Using predictive models, one can now estimate failure probability. This gives us two abilities. First, the ability to plan maintenance in a manner to minimize loss. Second, to optimize inventory better. Instead of keeping a lot of spare parts in inventory, it becomes possible to keep only the ones that will be required in near future.

Opportunity for manufacturers (OEMs)

Breakdowns may not directly impact an OEM, but it harms the reputation and may also end up in lost business. If a critical item is not available at the nearest point, customers may not hesitate to procure the item from local market. Further, manpower may not be available to repair the machine immediately.

These problems can be avoided if you already has an idea about possible breakdowns. OEMs/Dealers can then, either plan a maintenance and replace the parts or immediately support in case of breakdown. Furthermore, it can help OEMs launch new revenue models of maintenance contracts. This can also ensure that customers do not buy spare parts from local markets.

Perhaps the biggest advantage these models give an OEM is the ability to improve their products. The models indicate which are the factors that impact a component failure, giving them a direction on how to improve component life.

How to implement

The process starts with identifying the problems to solve. Usually the problem should be broad and broken down into specifics. For e.g. objective could be to reduce cost of operations. One of the several ways to achieve it is by reducing downtime and optimizing spare parts inventory.A screenshot of a cell phone

Description automatically generated

Once the problems are identified, the data needs to be collected for analysis. Often the data will not be available. In such case, infrastructure to collect data needs to be built. While building the infrastructure and processes, attempt should be made to enhance the utility of such infrastructure/processes. This can be done by assessing other possible utilities of the data collected. If the marginal cost of adding more data to solve a significant problem is low, it should be pursued. 

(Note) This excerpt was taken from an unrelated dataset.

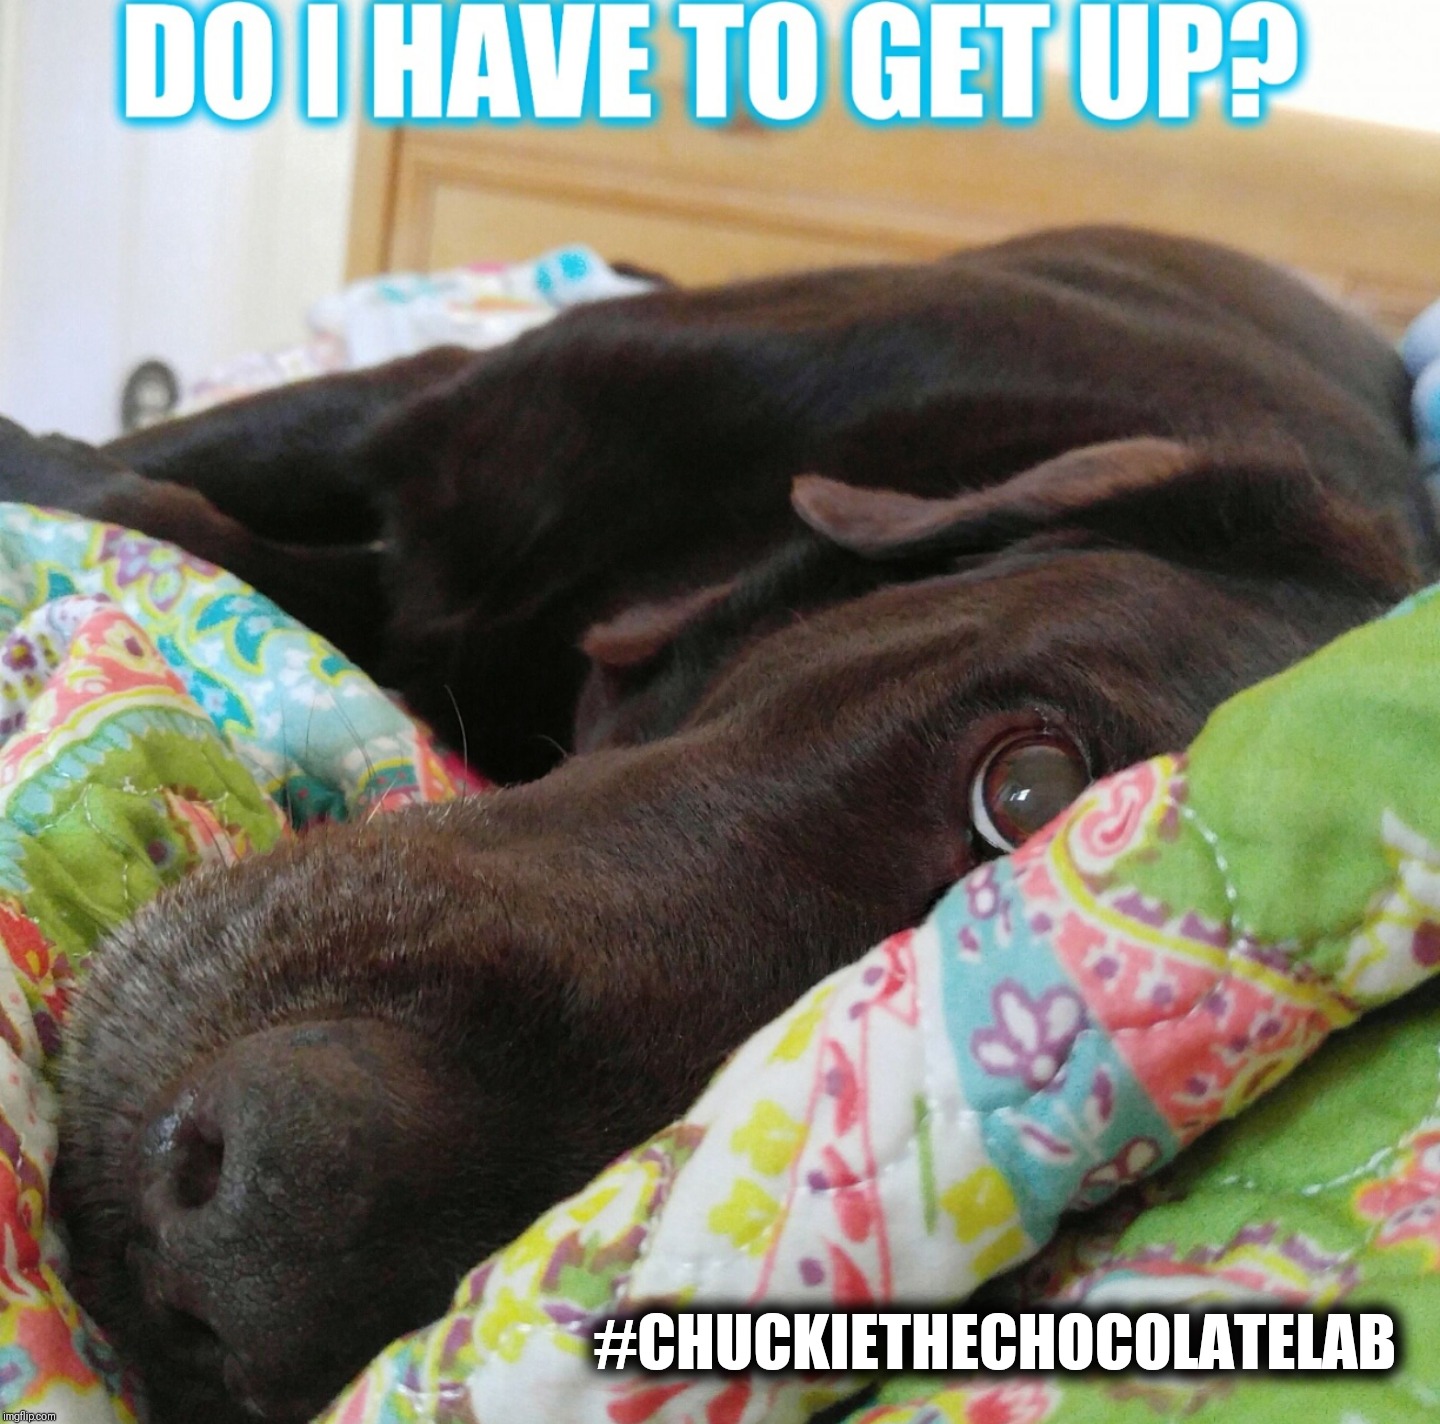 Do I have to get up? | #CHUCKIETHECHOCOLATELAB | image tagged in chuckie the chocolate lab,tired,dogs,funny,monday mornings,memes | made w/ Imgflip meme maker

Once the data starts getting collected, it needs to be cleaned and visualized. This is not just for the data science team but also for other business stakeholders. If possible and feasible, the dashboard(s) may be built for different stakeholders, depending on the need. The predictive aspects of analyses is a natural progression from exploratory analyses. The dashboards and visualizations are to be followed by the creation of predictive model(s), which are to be tested, reviewed and deployed.

Example using real life data

Code heavy!!! Skip if you are not interested in the codes. However, you may like to understand how well the below model performed in results

To illustrate a possible model, real life (normalized) data has been used. The data contains log of certain parameters, taken hourly. In addition, log of failures and maintenance will also be used. The parameters recorded hourly are voltage, vibration, rotation and pressure. Data from 100 machines of 4 types are recorded. Failure of 4 components are recorded. For the sake of simplification, we will analyze failure of ‘comp2’.

Several exploratory steps have been skipped to keep it short and focus on the predictive model.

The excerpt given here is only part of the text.